Seguramente en alguna ocasión casi todos hemos escuchado hablar de nuestra “famosa sombra”, la parte “oscura o negativa” que tenemos y que creo muchos de nosotros en algún momento de nuestra vida hemos querido deshacernos de ella o negar que existe. Sin embargo no es  tarea sencilla eliminar esos aspectos que creemos no deberían formar parte de nosotros ni de nuestras vidas.

En esta ocasión comparto mi experiencia de como he  trabajado y trabajo con mi propia sombra esperando que puedas tú también encontrar algo que te ayude en tu propio proceso.

No cabe duda que la fuerza más poderosa que existe es el amor y que a través de éste y de la compasión es posible llegar a lugares muy profundos, tal vez oscuros y dolorosos, darles espacio y aceptarlos como parte nuestra historia, de nuestro ser y así poder irlos sanando poco a poco.

Encontrarme con mi sombra no ha sido fácil, han habido momentos en que siento que todo es complicado, que nada vale la pena ni tiene sentido.

 Y entonces me pregunto:

¿Cómo es posible enterrar en lo más profundo de mí todas éstas emociones e ir caminando por la vida con ellas, como una roca pesada que me acompaña en todo momento y a la que ni siquiera soy capaz de reconocer?

¿Cómo puedo estar en la vida de una manera más auténtica y plena si no soy capaz de ver y aceptar todo aquello que me estorba y me impide estar en el ahora de una manera más plena?

Es como nadar contra corriente y querer llegar al otro lado del río con dos pesas atadas a los pies.

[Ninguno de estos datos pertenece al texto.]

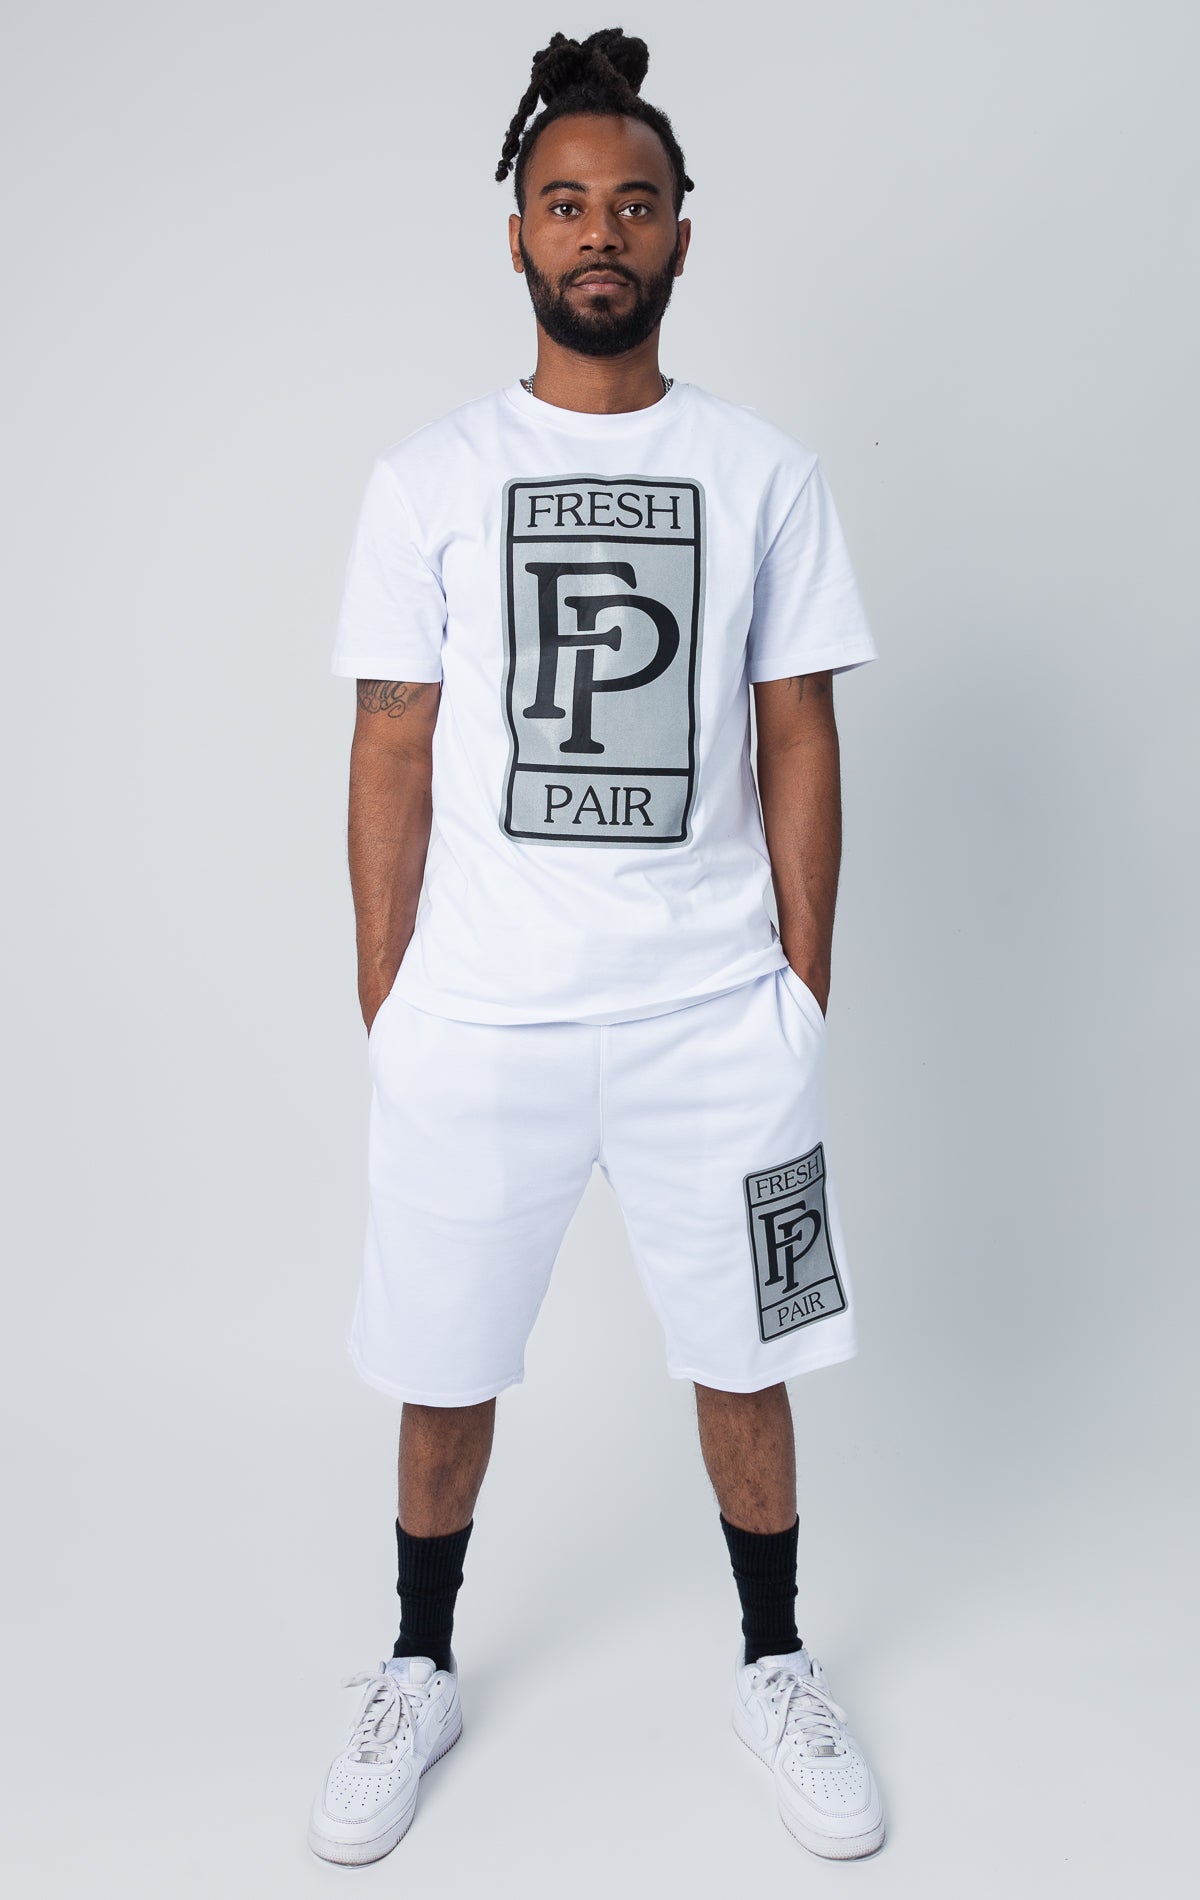 White set of shirt and shorts with "fresh pair" graphic print

Siempre tratando, esforzándome y luchando conmigo misma y con la realidad.

Y cuando creo que lo voy logrando el peso me vuelve a jalar otra vez hacia el fondo.

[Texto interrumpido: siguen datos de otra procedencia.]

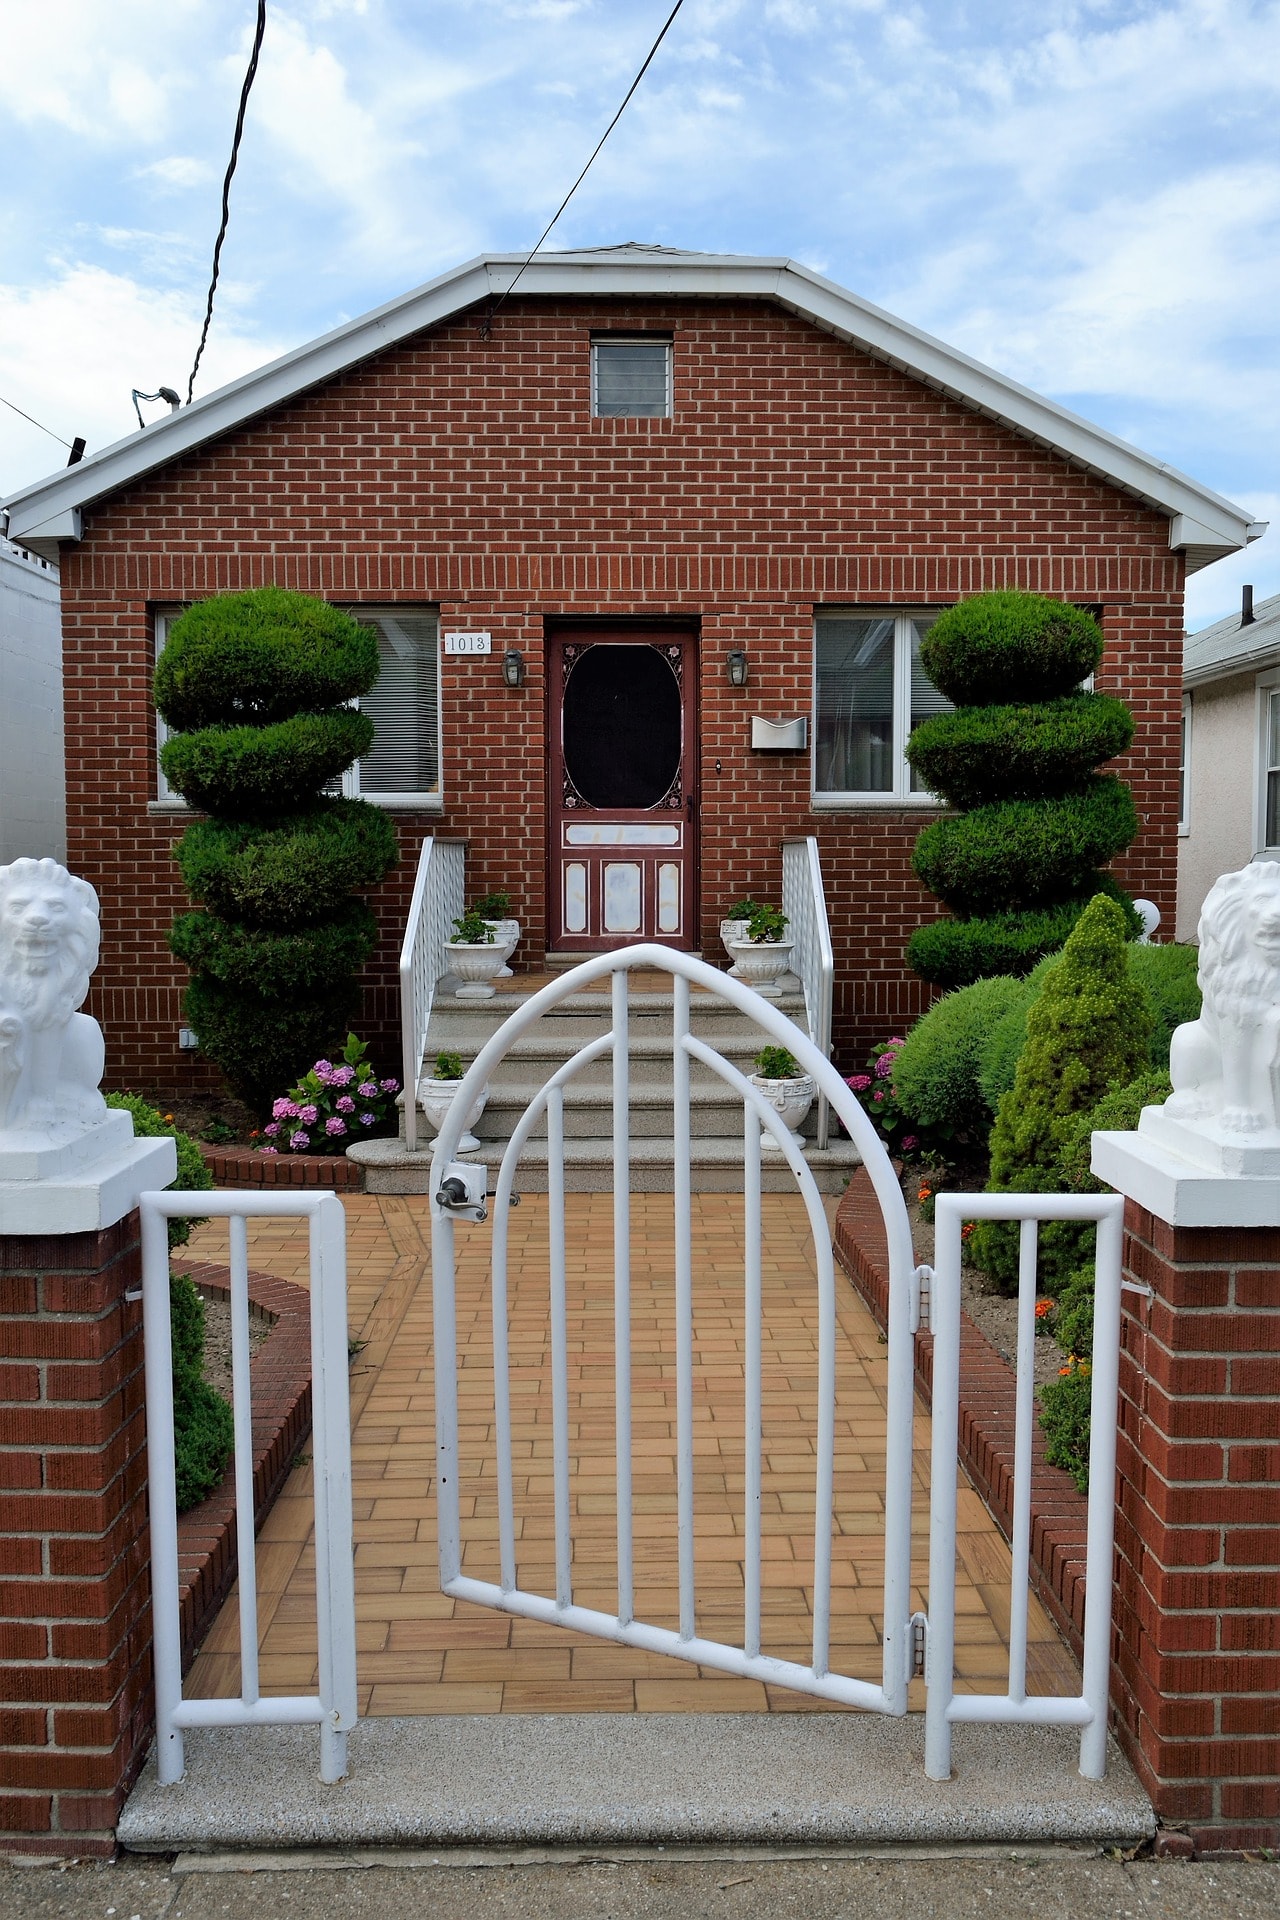 A one story brick structured house with white gate

Pase muchísimo tiempo intentando  de mil y un maneras, obteniendo siempre los mismos resultados y regresando a los mismos lugares de ansiedad, desesperación y por supuesto dolor.

Primero que nada fue necesario parar; si, parar de luchar y tratar de salir de esas actitudes que tanto me estorbaban.

Darme cuenta de que la fórmula no era a través del esfuerzo constante por ser otra cosa que no soy y negar lo que realmente habitaba en mi ser. Era necesario reconocer lo que sucedía y voltear a ver esas pesadas bolsas de piedras atadas a mí y que tomaría tiempo y paciencia aflojar esos nudos para que poco a poco fueran cayendo una a una y así pudiera yo nadar más ligera …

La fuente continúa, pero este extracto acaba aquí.